I'm working with my new 10 year old mare and she's having trouble turning. She was left in a pasture for 6 months by her last owner and so we're still working out the kinks. She does forward, backward, all her paces perfectly. She turns right decently but left turns are difficult at best and impossible at worst. I can turn her from the ground fine (she's a model horse for ground work) but from the saddle she won't turn an inch. I don't want to do something wrong and mess her up completely so if anyone has an idea as to what's going on I'd love to hear it.


----------



## AnneGage (Oct 25, 2009)

SammyAnn said:


> I'm working with my new 10 year old mare and she's having trouble turning. She was left in a pasture for 6 months by her last owner and so we're still working out the kinks. She does forward, backward, all her paces perfectly. She turns right decently but left turns are difficult at best and impossible at worst. I can turn her from the ground fine (she's a model horse for ground work) but from the saddle she won't turn an inch. I don't want to do something wrong and mess her up completely so if anyone has an idea as to what's going on I'd love to hear it.


Check your tack and make sure it is good repair and fits her well. If your horse can turn left comfortably without tack, then I would suspect there is an issue with the tack or how it is fitting. Make sure there is nothing pinching or poking her - particularly in the shoulder, withers or along her spine. Make sure the bit fits properly and does not have any rough spots. Have her teeth checked by a veterinarian or equine dentist. Sharp points or misalignments on one side of her jaw can affect her ability to turn under saddle.

After you have eliminated any possibility of a physical cause, then check your own position, balance, alignment and posture in the saddle. All riders are better in one direction than the other. Get help from a trainer if possible who can work with you and your mare.


----------



## smrobs (Jul 30, 2008)

What kind of bit are you riding her in? 

Are you trying to direct rein or neck rein?

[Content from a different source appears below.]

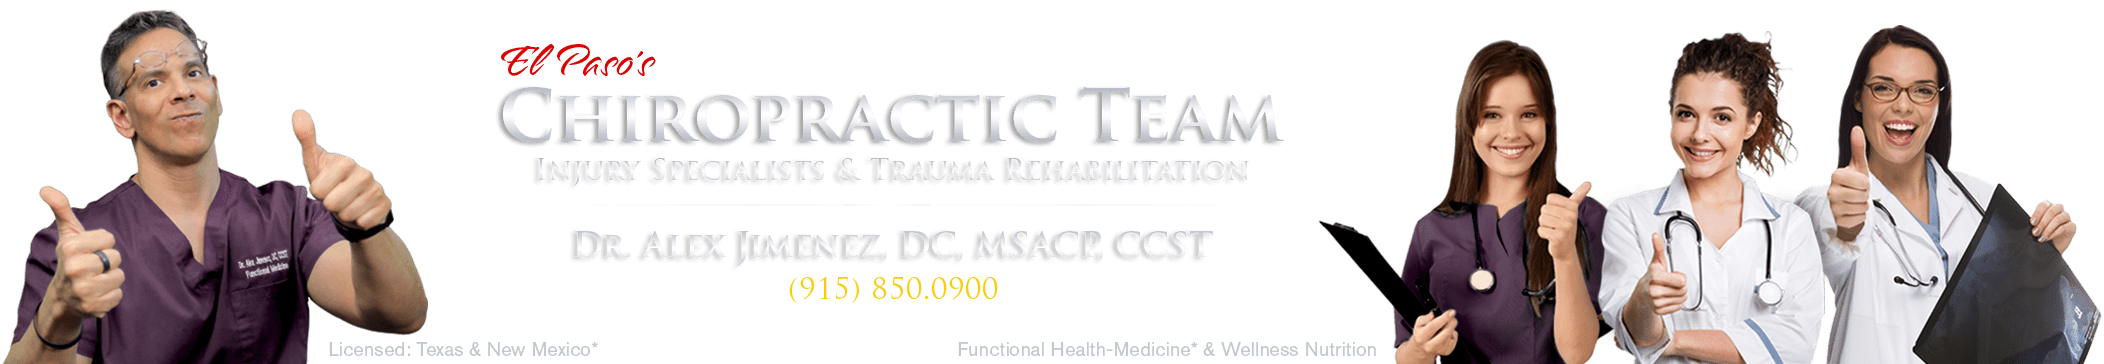 La prima clinica chiropratica di El Paso 915-850-0900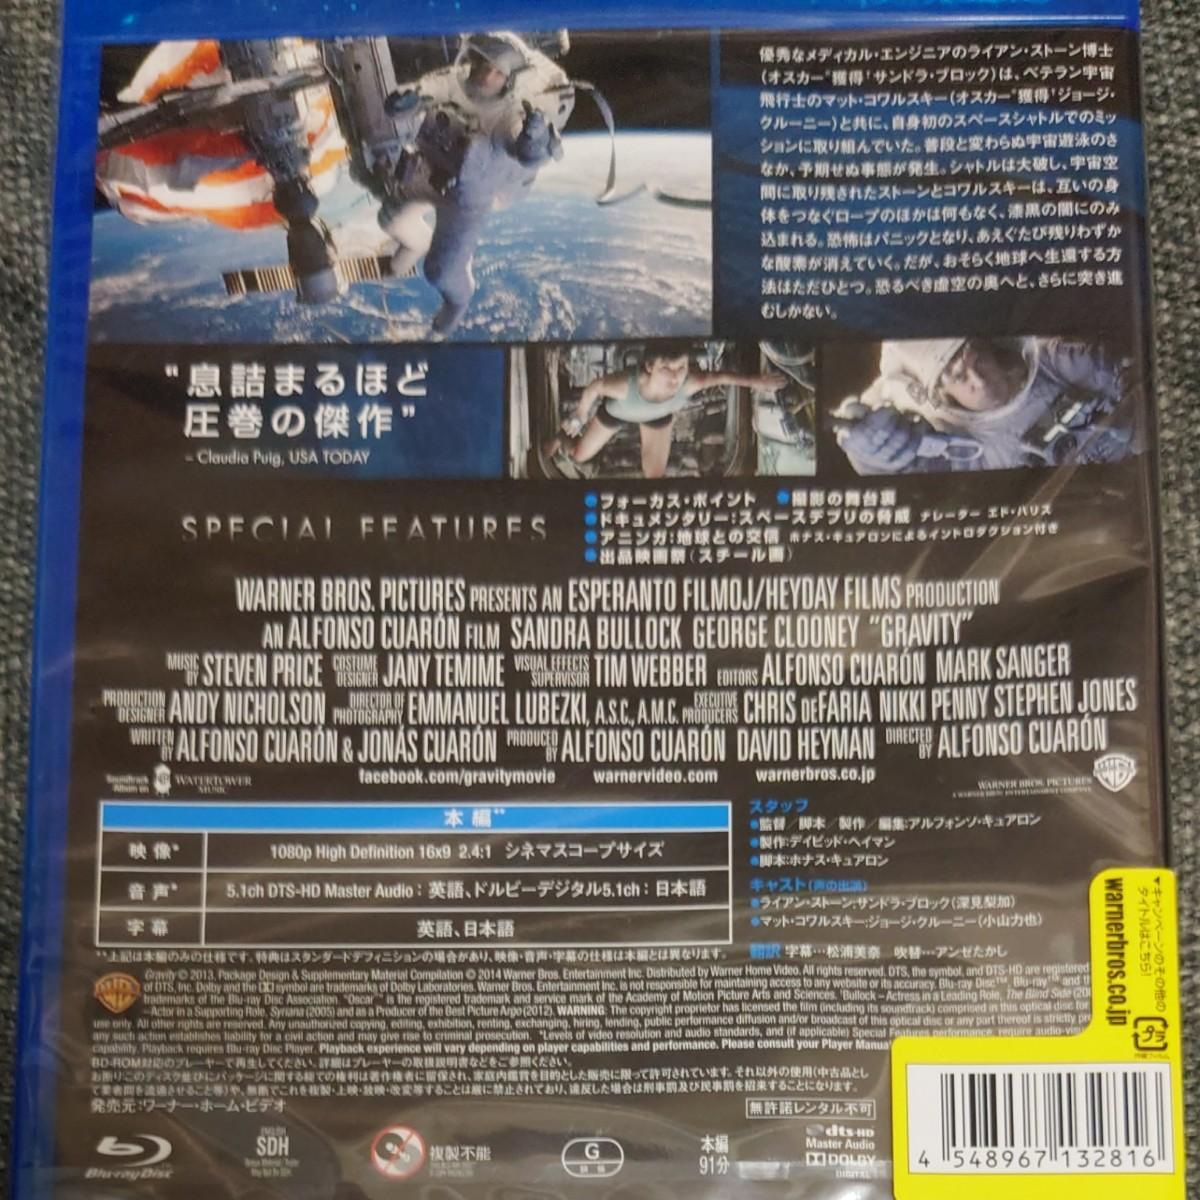 Blu-ray ゼロ・グラビティ

How much training did she supposedly have before being left in the pasture for 6 months?


----------



## brighteyes08 (Jan 20, 2010)

You need to work on shoulder control, right now you obviously have none. An excersises that my coach gets me to do at the beginning of every ride is to walk/jog/lope a small circle with their head bent to the inside, inside hand should be straight down while holding the rein and the outside rein should be loose, the horse at first will naturally want to fall into the circle but you'll have to use your inside leg to bump him back out when he tries this. The horse will do this because it's physically demanding for them, eventually it will become easy. It's great for building muscle and loosining them up as a warm up.


----------



## SammyAnn (Feb 15, 2012)

smrobs said:


> What kind of bit are you riding her in?
> 
> Are you trying to direct rein or neck rein?
> 
> How much training did she supposedly have before being left in the pasture for 6 months?


 I use a loose ring bridoon its the bit she was trained with. She was fully trained and used as a cow horse for about four years before being put in the pasture. She used to do everything from cutting to roping.


----------



## SammyAnn (Feb 15, 2012)

oh and I'm trying neck rein. i was taught to use as little bit as possible so as not to hurt the horse.


----------



## smrobs (Jul 30, 2008)

If she was that well trained, then I suspect her reluctance to turn is either a pain issue or you are sending her conflicting signals. Horses with that amount of training generally don't just _forget_ after being turned out for a few months.

Have you had her teeth checked? 

Are your sure your saddle fits and isn't pinching her anywhere?

Can you get video of you riding her so that we can see what you are doing and how she is reacting?

Do you have a trainer or a riding instructor in your area that you could maybe take a few lessons with to help work out some of the kinks?


----------



## SammyAnn (Feb 15, 2012)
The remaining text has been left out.